No matter what languages of origin were called upon — Yiddish, Afrikaans, Russian, the dreaded “unknown” — spellers were up to the task.

Among the words that might sound impossible to the TV audience but are considered by elite spellers to be near-layups: “maxixe,” ”oeillade,” ”Gebrauchsmusik,” ”Seychellois.”

Simone Kaplan, a 13-year-old from Davie, Florida, had a mic-drop moment, showing off the depth of her knowledge of roots. Given the word “varsovienne,” she asked: “Is this most likely from the Latin place name ‘Varsovia,’ meaning Warsaw?”

Why, yes. Yes it is.

Parents shook their heads, amazed by their kids’ depth of knowledge. Former spellers griped on social media that the words were too easy.

Perhaps one reason for the spellers’ performance: the burgeoning industry of spelling coaches and study guides that promise to crack the code of the bee. Thirteen of the 16 prime-time finalists and 38 of the 50 overall used study materials from SpellPundit, a business started by teenage ex-spellers Shobha Dasari and her younger brother, Shourav. The Dasaris offer a money-back guarantee if Scripps uses a word that’s not included in their guides.

“It’s all the spellers’ hard work,” 18-year-old Shobha said. “We just give them the words.”

The key personality trait onstage was businesslike efficiency. Veteran spellers strode to the microphone confidently and never appeared rattled by the words they were given. Thirteen-year-old Rohan Raja of Irving, Texas, celebrated with fist pumps as he lumbered back to his seat.

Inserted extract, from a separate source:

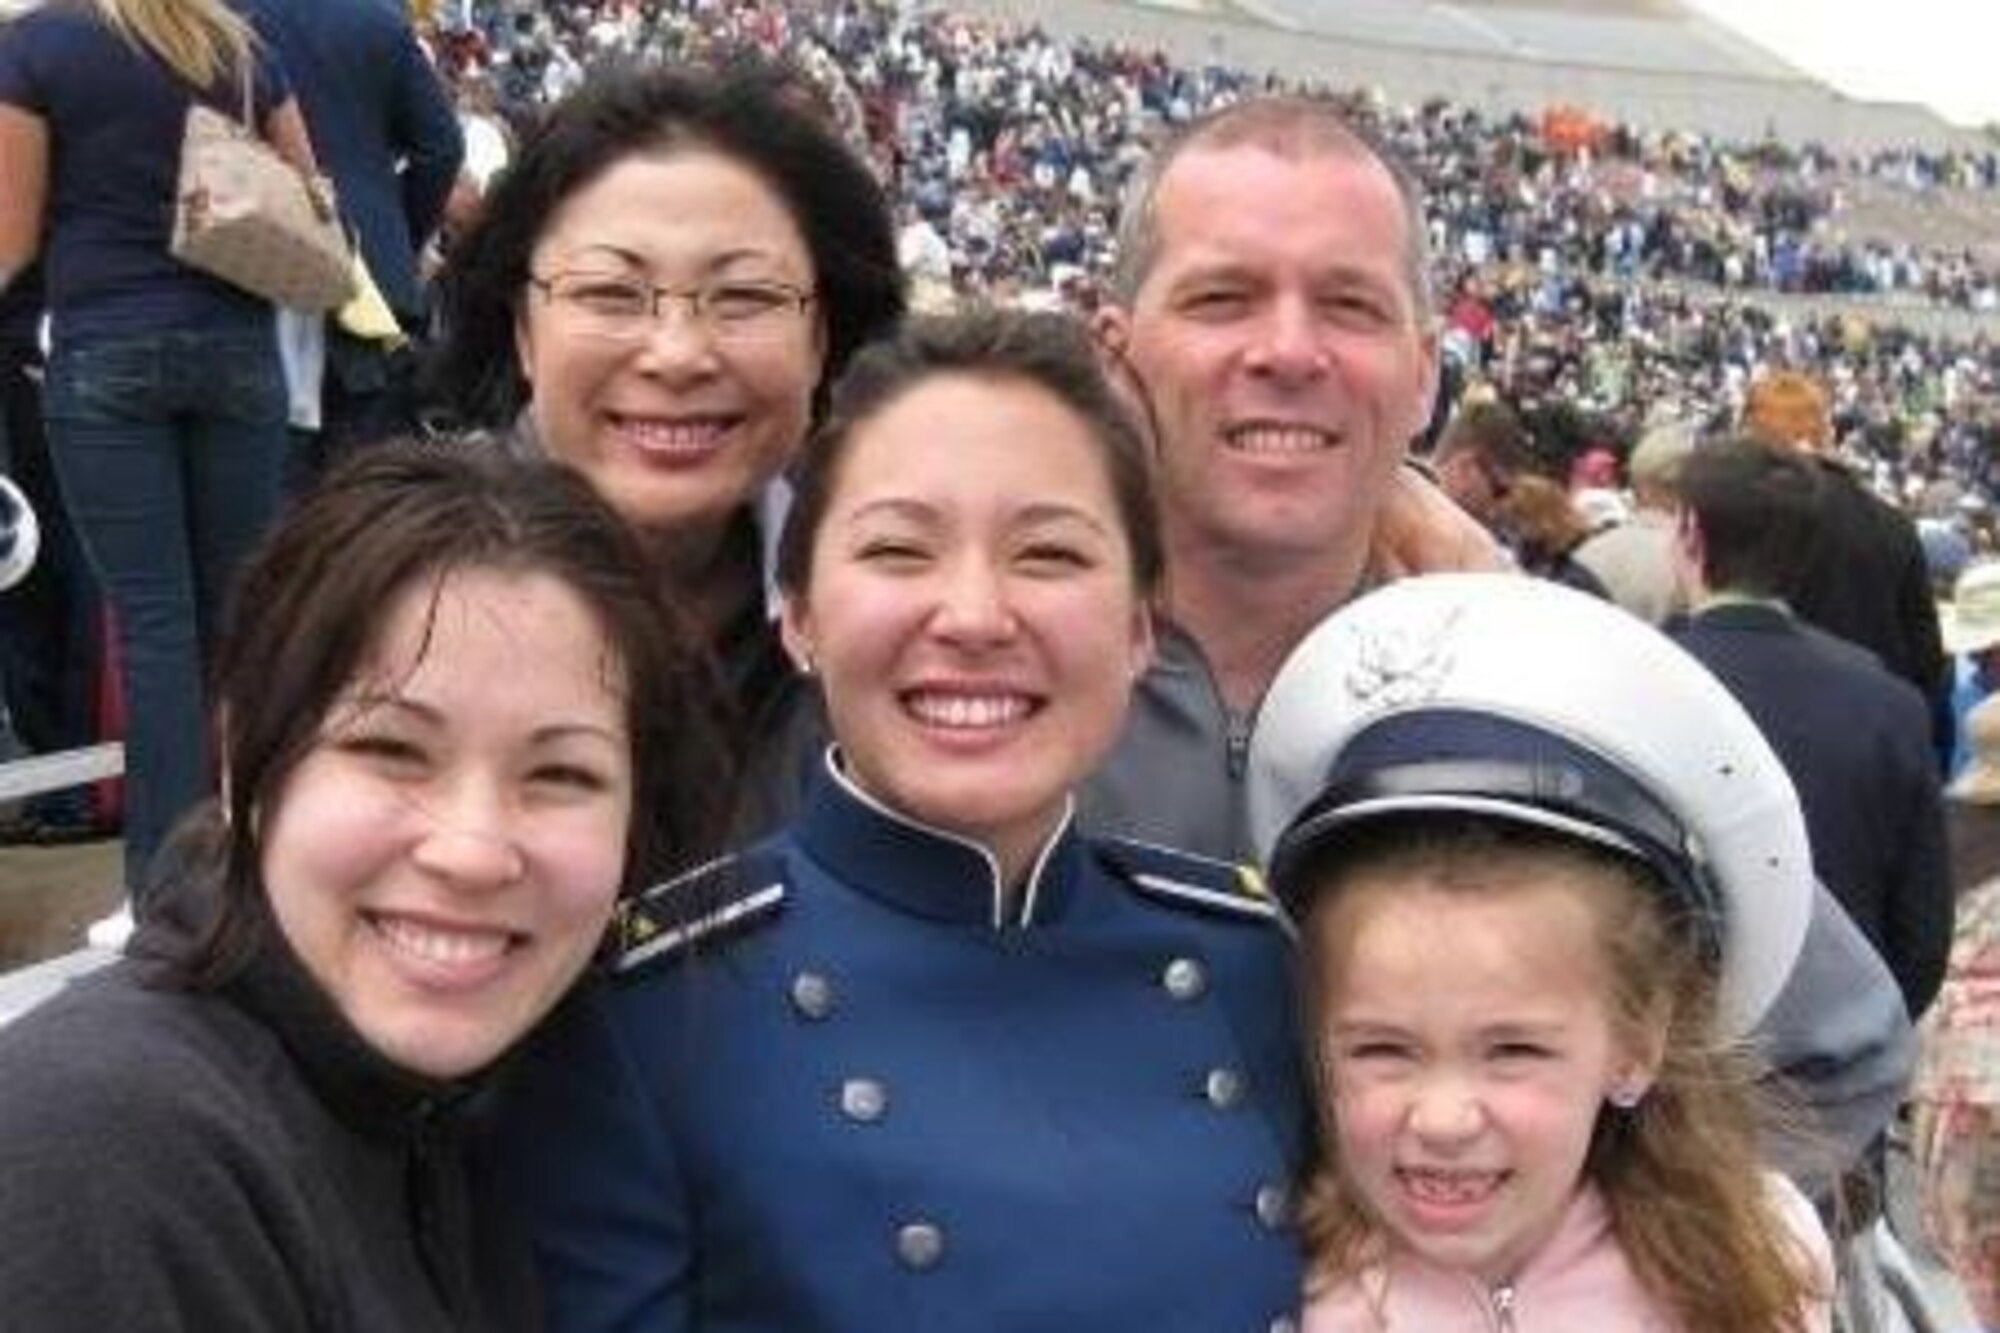 Capt. Deborah A. Gaddis, 509th Weapons Squadron training flight commander and Weapons Instructor Course  instructor, celebrates with her family during her graduation from the United States Air Force Academy in May 2008, at the Falcon Stadium in Colorado Springs, Colorado. Although the Air Force wasn’t Gaddis’ original plan, the camaraderie, academics and scholarships offered by the USAFA were too good to pass up. (Courtesy Photo)

Another machine-like speller: 13-year-old Sohum Sukhatankar of Dallas, sporting a black leather jacket, who advanced to the prime-time finals for the first time but is considered a favorite, with previous victories at the North South Foundation spelling bee and the South Asian Spelling Bee.

“I knew all the words I got. When I got them, I knew I was going to get them right,” Sohum said. “I took my time. If you spell too quickly, you could miss the word.”

Melodie Loya didn’t take that advice.

The 14-year-old from Bainbridge, New York, spelled her first word with such speed that when she returned to the microphone, pronouncer Jacques Bailly implored her to pace herself.

“I don’t want to put you off your game,” Bailly said, “but can you try and slow down maybe a little bit on your spelling?”

Spelling deliberately has obvious advantages: It prevents a speller’s mouth from moving faster than her brain. And, as Bailly, pointed out, it ensures the judges can understand what the speller is saying.

Melodie couldn’t help herself.

She started quickly and only got faster as she plowed through “madrague,” raising her hands in apparent surprise when she was told she got the word correct.

Every time at the microphone was a mini-drama for Melodie, whose facial expressions conveyed her exasperation, concentration and abject panic. She closed her eyes. She looked at the ceiling. She buried her face in her hands.

And when she spelled, she acted as if she couldn’t wait for it all to be over — until it wasn’t.

Melodie was eventually bounced by the word “theileriasis,” which just had too many vowel sounds she couldn’t figure out.

For many of her fellow spellers, referred to on their Scripps-issued T-shirts this year as “word detectives,” the clues were obvious and the suspects might as well have turned themselves in.